The memorandum was signed by Dr. Ahmed Murad, Associate Vice President for Scientific Research, on the Emirates University side, while Jean-Paul Schober – President and General Manager of Sanofi in the Gulf region
Dr. Ahmed Ali Murad emphasized that this partnership is part of the efforts made by the UAE University in order to achieve its desired goals and positively contribute to the system of applied scientific research in the country, and to support pioneering research that would address the health challenges prevailing in the region and bring about a qualitative change in human life. As the university attaches utmost importance to scientific research by providing research facilities that help researchers to conduct scientific research in all fields. He pointed out that cooperation in scientific research between the university and the private industries sector, such as the global “Sanofi” company, paves the way for further scientific development and improving the quality of health care in the country, through promising research projects that contribute to improving the quality of life for individuals and societies. “At Sanofi, our commitment to the health and comfort of our patients goes beyond the stages of treatment, as we believe in the great role that effective partnership plays in addressing forgotten needs and closing diagnostic gaps.

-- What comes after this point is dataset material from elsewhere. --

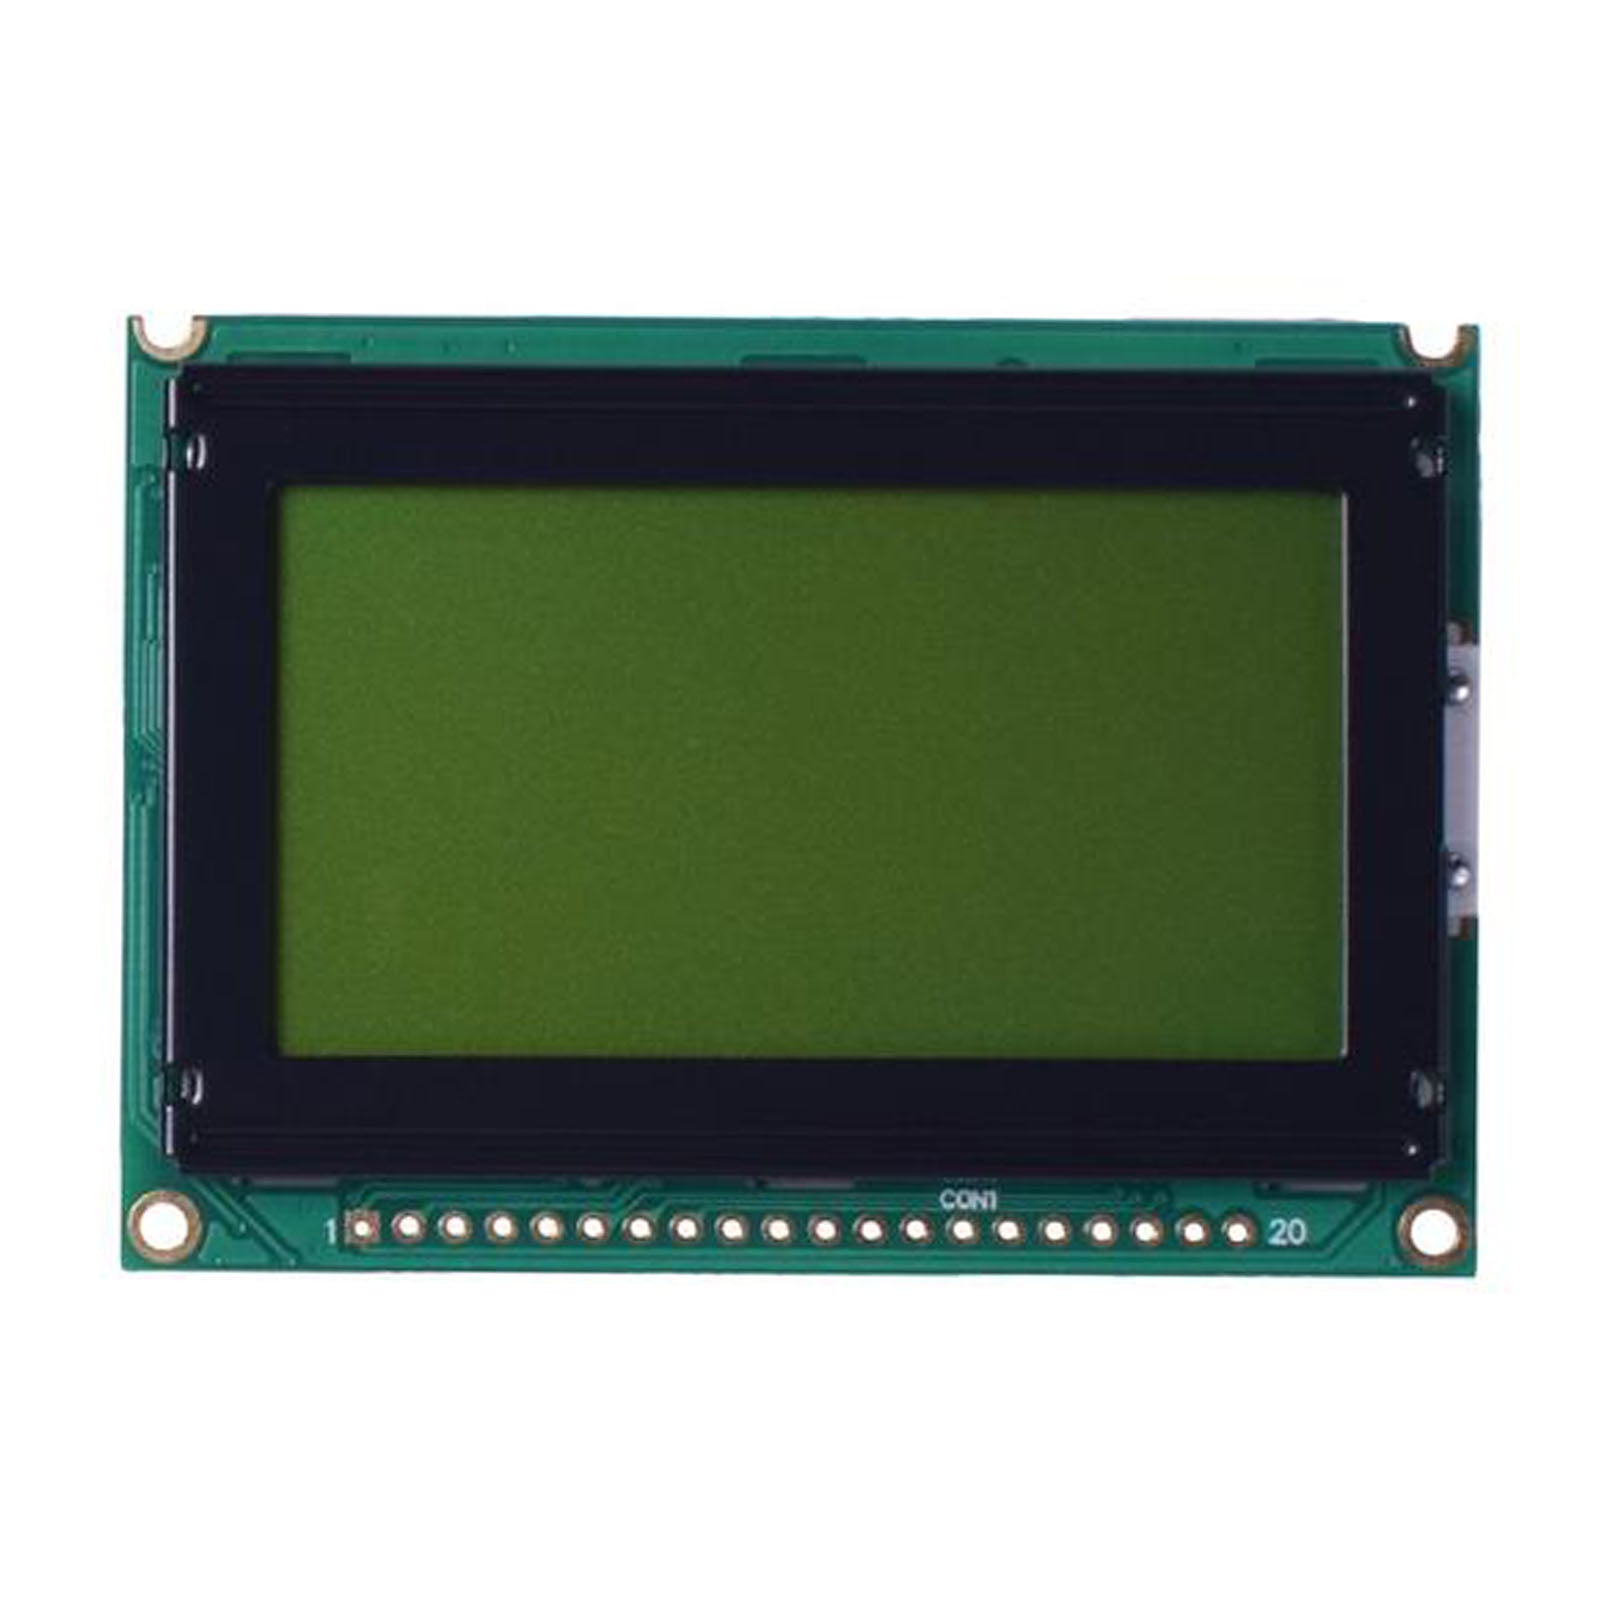 DisplayModule 2.62" 128x64 Slim Graphic LCD - MCU

Therefore, we are pleased to collaborate with the United Arab Emirates University to promote private research in the field of rare diseases and ultimately help provide better health outcomes for patients. ” The memorandum of understanding provides for strengthening cooperation between the two parties in the field of scientific research on some rare genetic diseases, which due to their rarity and similarity of symptoms to other diseases, the correct diagnosis of them is delayed up to 15 years from the first appearance of symptoms on the patient, using artificial intelligence and learning algorithms. Automated search in medical files, which helps to suspect infection, and then examining patients and conducting the necessary genetic tests to confirm disease infection, to start directly providing treatment and appropriate health care for each case.